TOON — Token-Optimized Responses
Prerequisites
Install MCP Fusion before following this recipe: npm install @vinkius-core/mcp-fusion @modelcontextprotocol/sdk zod — or scaffold a project with npx fusion create.
- Introduction
- toonSuccess() — Response-Level Encoding
- .toonDescription() — Description Compression
- When to Use
Introduction
JSON is verbose. For tabular data — user lists, invoice rows, log entries — individual field names repeat on every row: {"id":"1","name":"Alice","email":"alice@co"}, {"id":"2","name":"Bob","email":"bob@co"}. Those repeated keys waste tokens.

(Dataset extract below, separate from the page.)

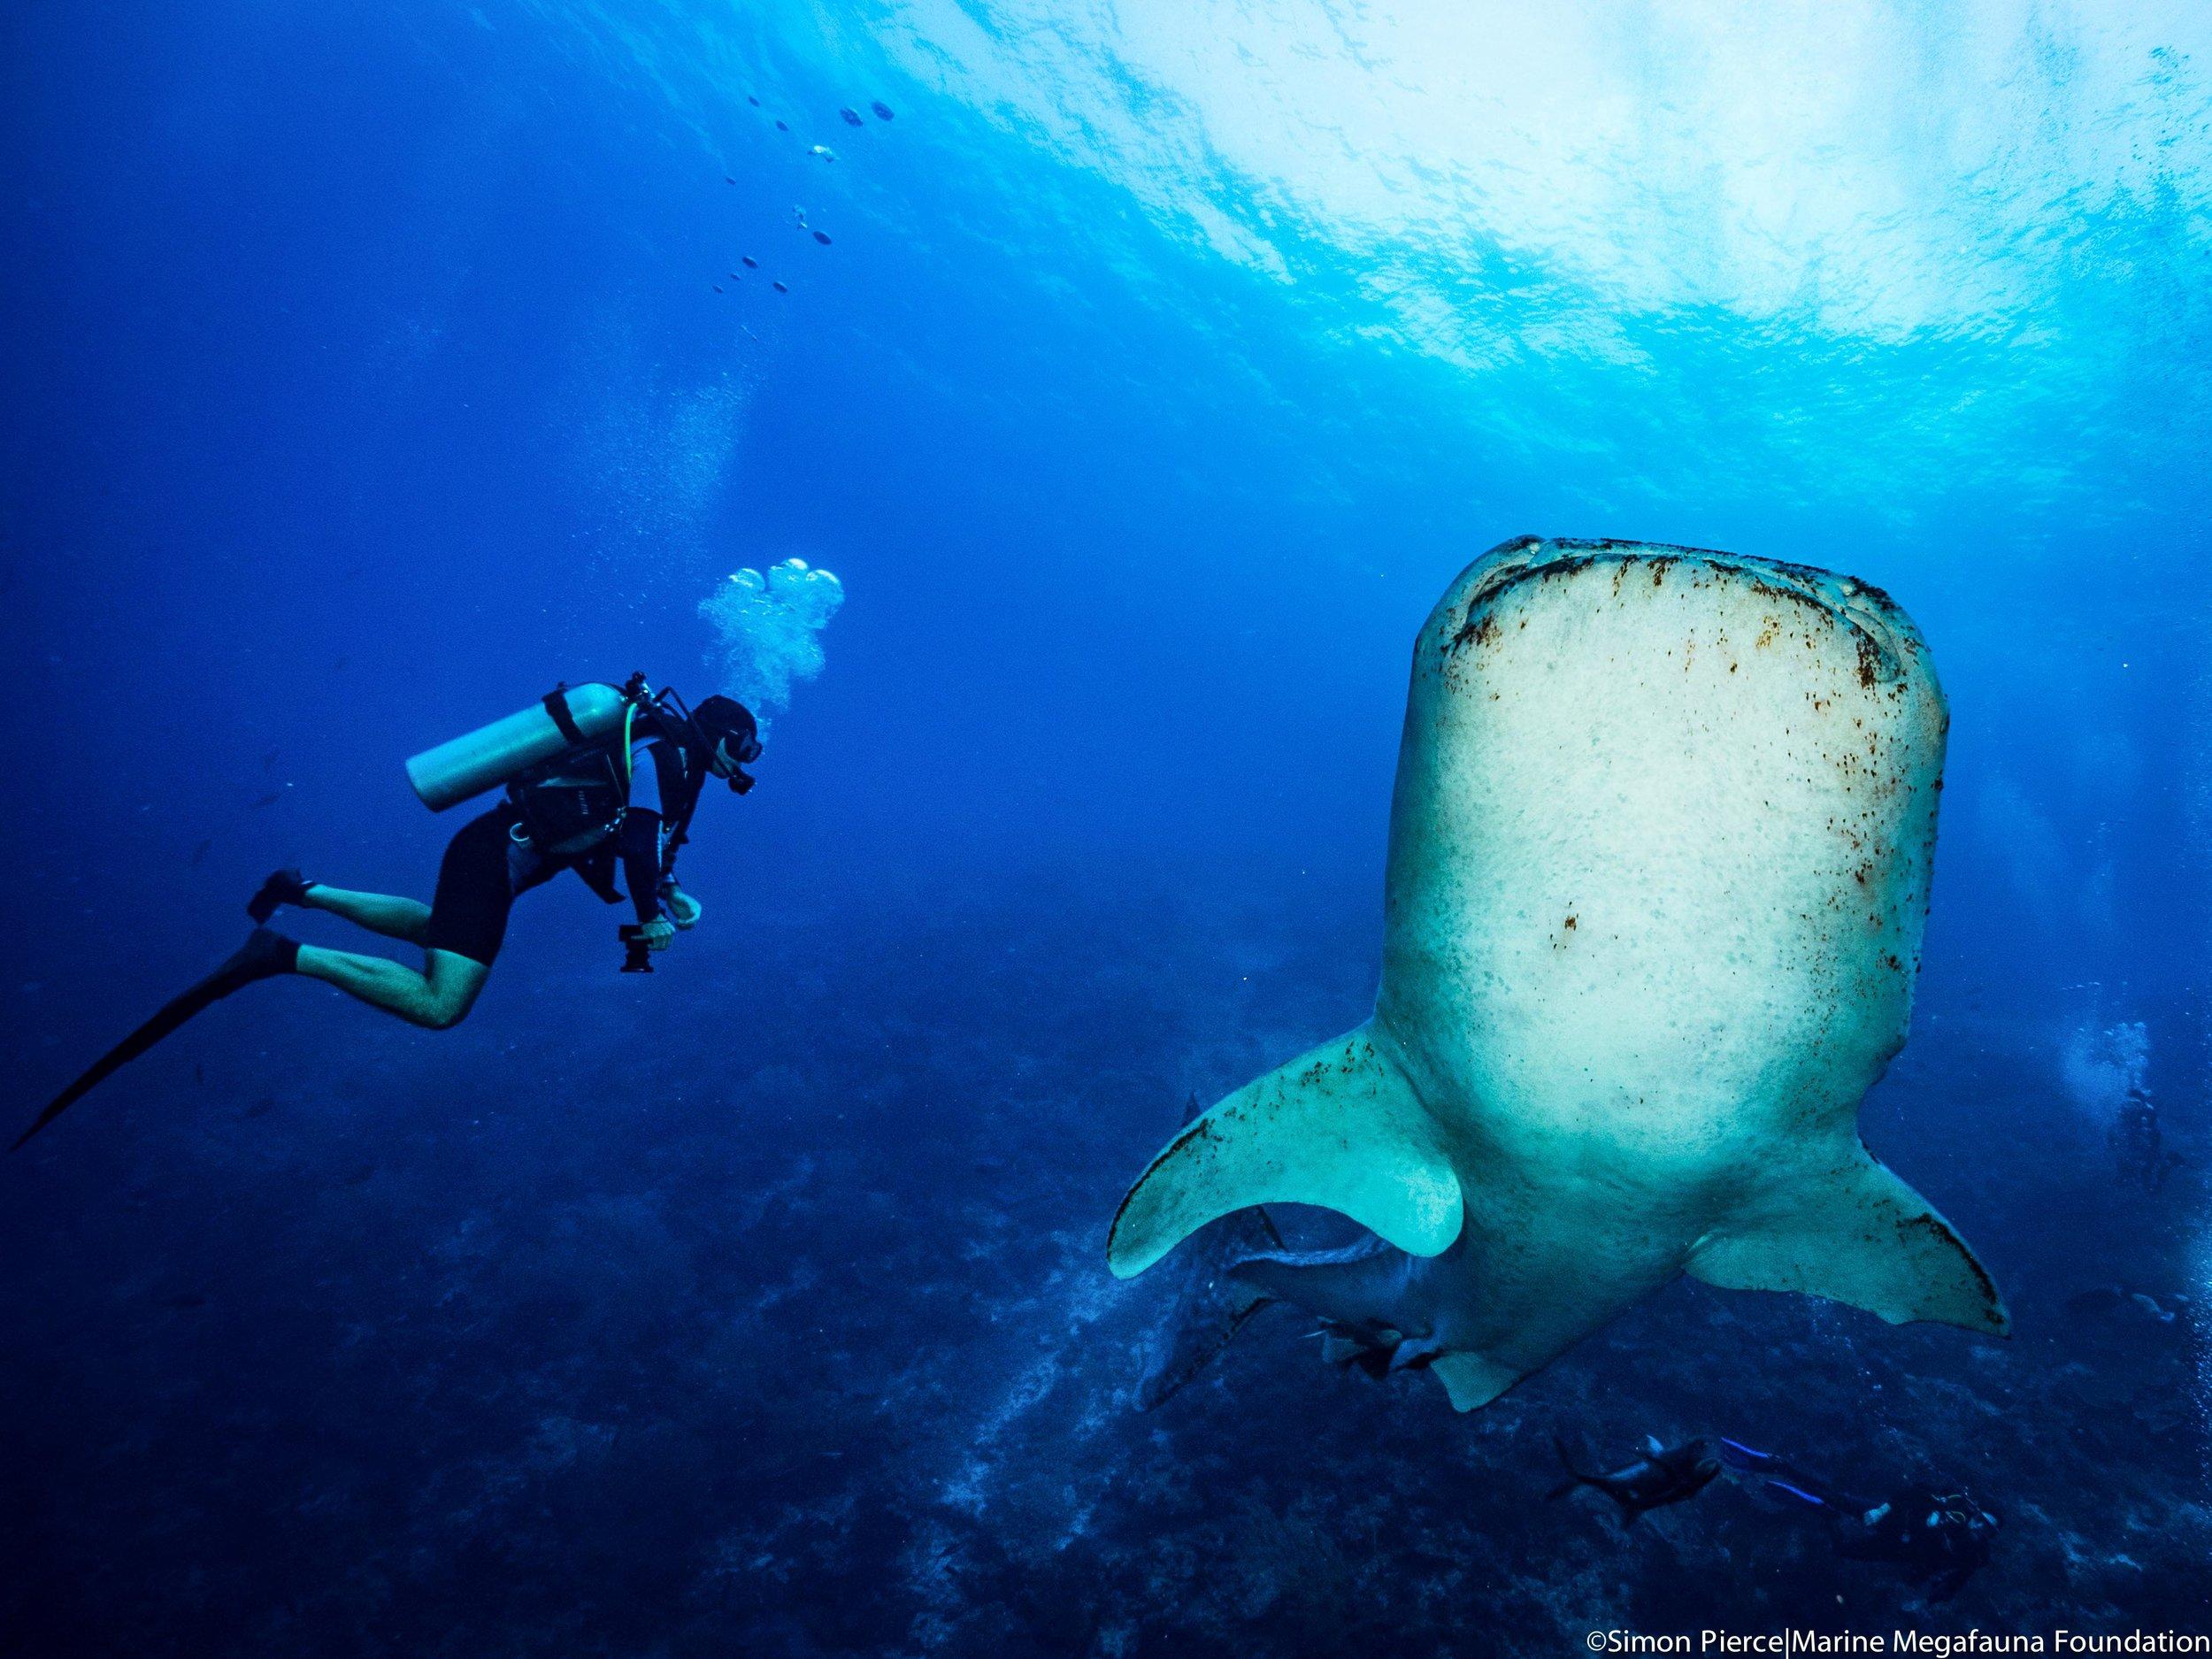 Gonzalo Araujo and the team encounter a whale shark on scuba in Tubbataha Reefs Natural Park.

TOON (Token-Oriented Object Notation) replaces JSON structure with pipe-delimited tabular data. The savings are significant: ~40-50% fewer tokens for arrays of uniform objects. The LLM parses pipe-delimited data just as accurately as JSON — it's the same format used in markdown tables, which LLMs see constantly in training data.

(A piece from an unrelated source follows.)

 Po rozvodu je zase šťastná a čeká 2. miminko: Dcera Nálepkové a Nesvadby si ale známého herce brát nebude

toonSuccess() — Response-Level Encoding
Replace success(data) with toonSuccess(data) to encode the response as TOON:
import { initFusion, toonSuccess } from '@vinkius-core/mcp-fusion';
const f = initFusion<AppContext>();
export const listUsers = f.query('users.list')
.describe('List all users')
.handle(async (input, ctx) => {
const users = await ctx.db.users.findMany();
return toonSuccess(users);
});JSON output (~120 tokens):
[
{"id": "1", "name": "Alice", "email": "alice@acme.co", "role": "admin"},
{"id": "2", "name": "Bob", "email": "bob@acme.co", "role": "member"},
{"id": "3", "name": "Carol", "email": "carol@acme.co", "role": "viewer"}
]TOON output (~65 tokens):
id|name|email|role
1|Alice|alice@acme.co|admin
2|Bob|bob@acme.co|member
3|Carol|carol@acme.co|viewerSame data. Half the tokens. The LLM reads it perfectly.
.toonDescription() — Description Compression
When your tool has many actions and the description consumes too many tokens in tools/list, use .toonDescription() to TOON-encode the metadata itself:
import { createTool, success } from '@vinkius-core/mcp-fusion';
import { z } from 'zod';
const api = createTool<AppContext>('api')
.description('Full platform API with 50+ actions')
.toonDescription()
.action({ name: 'users.list', readOnly: true, schema: z.object({}), handler: listUsers })
.action({ name: 'users.get', readOnly: true, schema: z.object({ id: z.string() }), handler: getUser })
// ... 48 more actions
;The tool description in tools/list is compressed from verbose JSON annotations to a pipe-delimited table of action names, parameters, and flags.
When to Use
| Scenario | Technique | Savings |
|---|---|---|
| Arrays of uniform objects | toonSuccess(data) | ~40-50% tokens |
| Tool with 20+ actions | .toonDescription() | ~30-40% description tokens |
| Single object / mixed types | success(data) (default) | No savings needed |
| Small response (< 10 items) | success(data) (default) | Negligible savings |
TIP
toonSuccess() works best with arrays of flat, uniform objects (all rows have the same keys). For nested objects or mixed-type arrays, stick with success().